Patient recruitment is frequently a challenge for RCTs, with UK funding bodies reporting less than one third of trials meeting their original targets [21]. A systematic review performed to identify interventions to improve recruitment included 45 trials [22]. Of these, only one trial had a single site in a low-income setting (the Philippines), and, unsurprisingly, few of the interventions were relevant to a remote rural setting like Gojjam. We experienced lower-than-anticipated recruitment in the nine most accessible kebeles, and used results from the Rapid Ethical Assessment [12] to mitigate this by quashing negative rumours and extending recruitment to more remote kebeles. The move to quash rumours might be construed as a departure from pragmatism, but as a team we considered the need to complete recruitment to outweigh efforts to preserve pragmatism during trial set-up. Rapid Ethical Assessment is increasingly used to ‘map’ the ethical terrain of a research setting prior to recruitment of participants [16, 17, 23, 24], and has been demonstrated to improve recruitment and retention rates in longitudinal studies [25]. We therefore strongly recommend the use of Rapid Ethical Assessment prior to complex studies including trials, in research-naïve settings.

Data analysis

The Ethiopian calendar is a solar calendar similar to the Julian calendar. There are twelve months each of 30 days, and one month of 5 days (6 in a leap year). The Ethiopian calendar runs over 7 years behind the Gregorian (‘Western’) calendar, so neither years nor months nor days synchronize between the two calendars. Calendar issues regularly cause difficulties with longitudinal studies using Western-developed software. The GoLBeT team made the decision to collect and enter data using the Ethiopian calendar, and during analysis to use an algorithm to convert dates to the Gregorian calendar. This approach has been used by other research teams in Ethiopia to overcome date inconsistencies [26].

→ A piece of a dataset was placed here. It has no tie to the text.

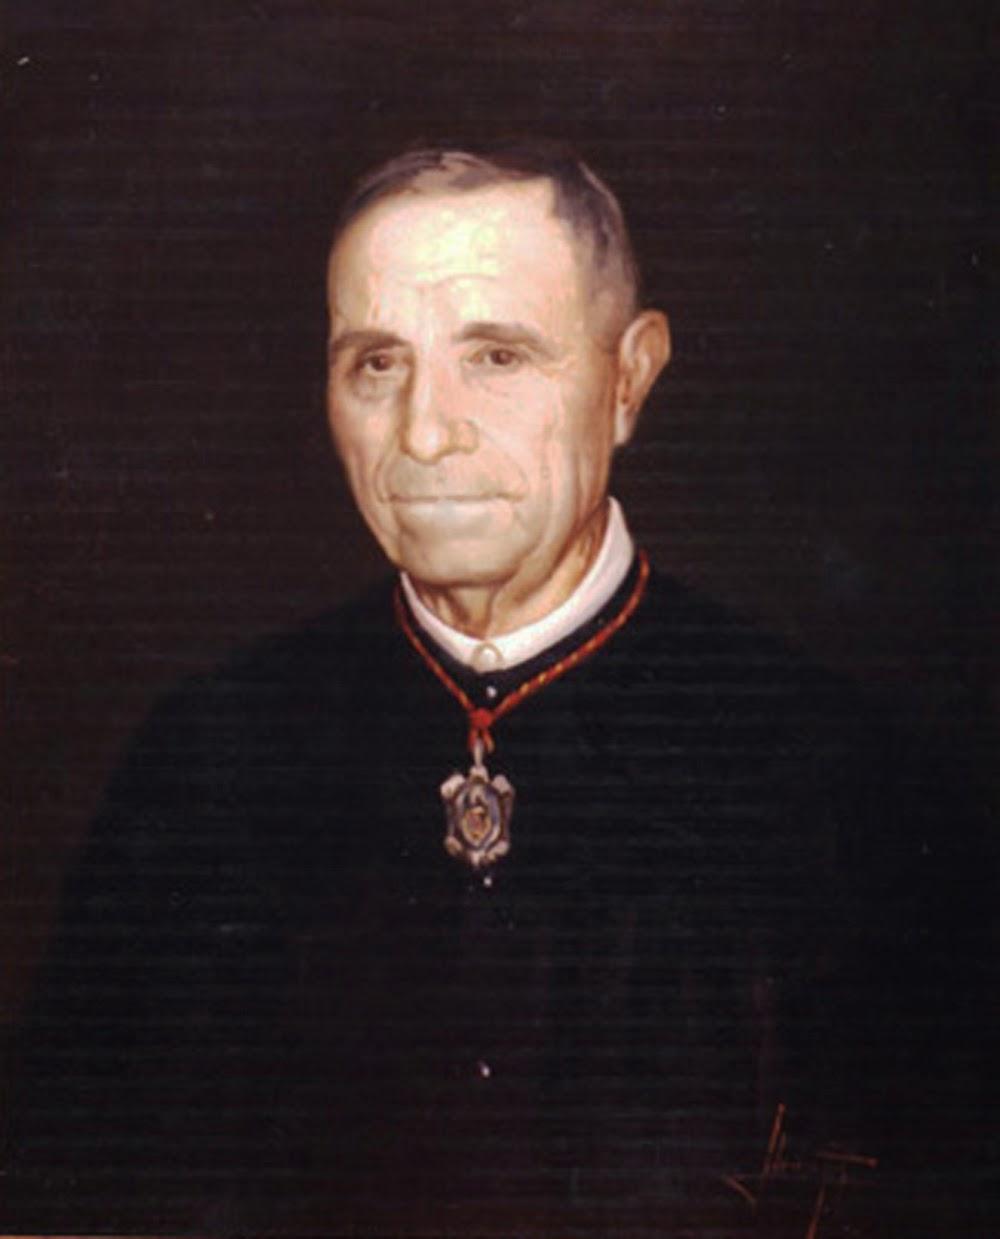 Vicente Llorens Poy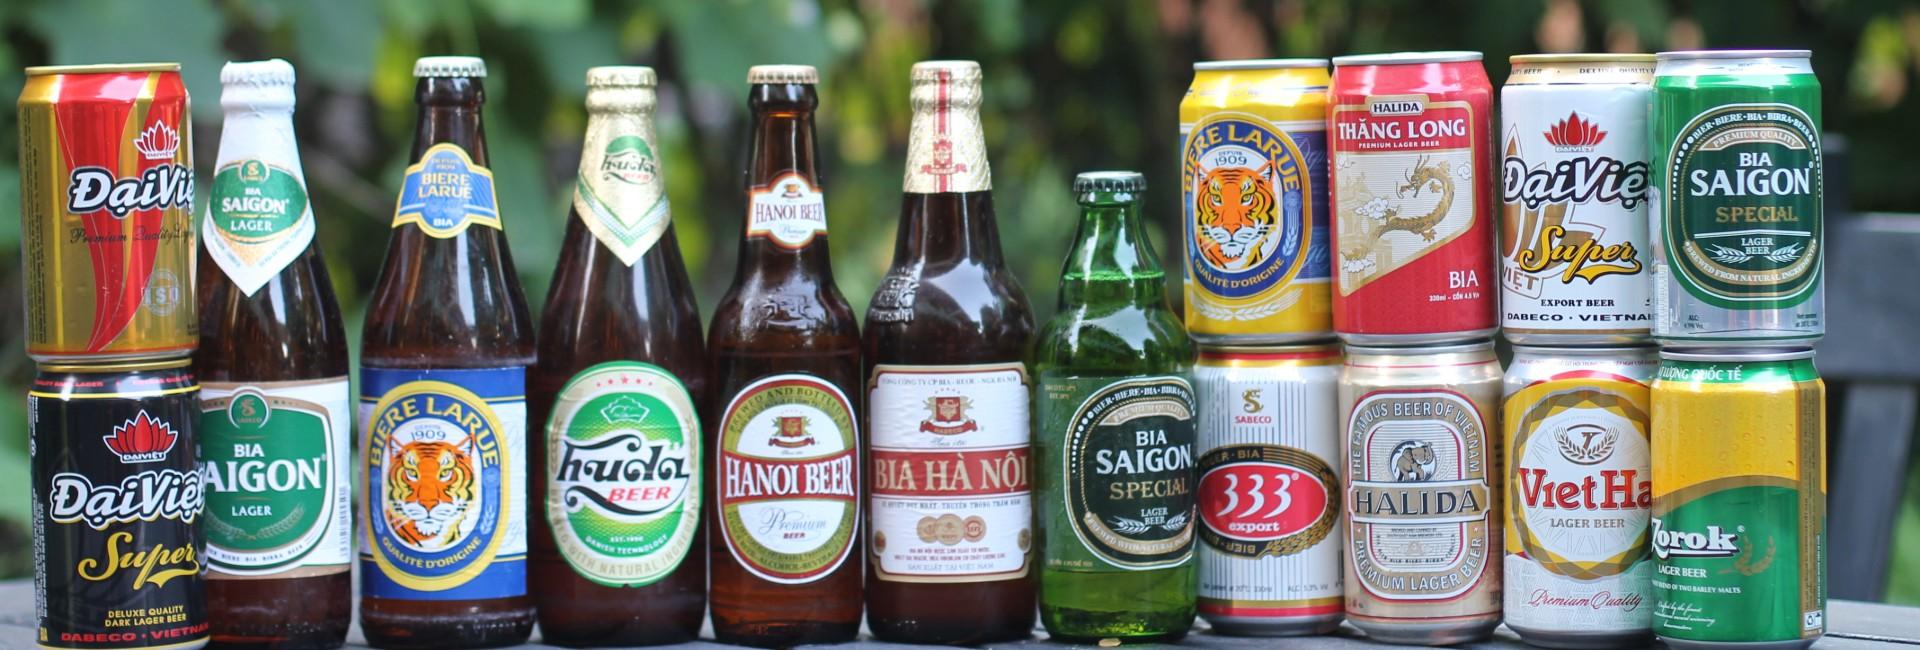 10 marques de bières préférées au Vietnam

In order to conduct a high quality trial whose results are generalizable to the real world setting, a balance must often be struck between internal and external validity. Through examples that arose during GoLBeT, we demonstrate that this need not always represent a trade-off: it is possible to achieve high standards in both spheres, but this is likely to require additional time (for example, to conduct Rapid Ethical Assessment prior to the trial) and resources (for example, to ensure the same quality of follow up and data collection in the most remote settings).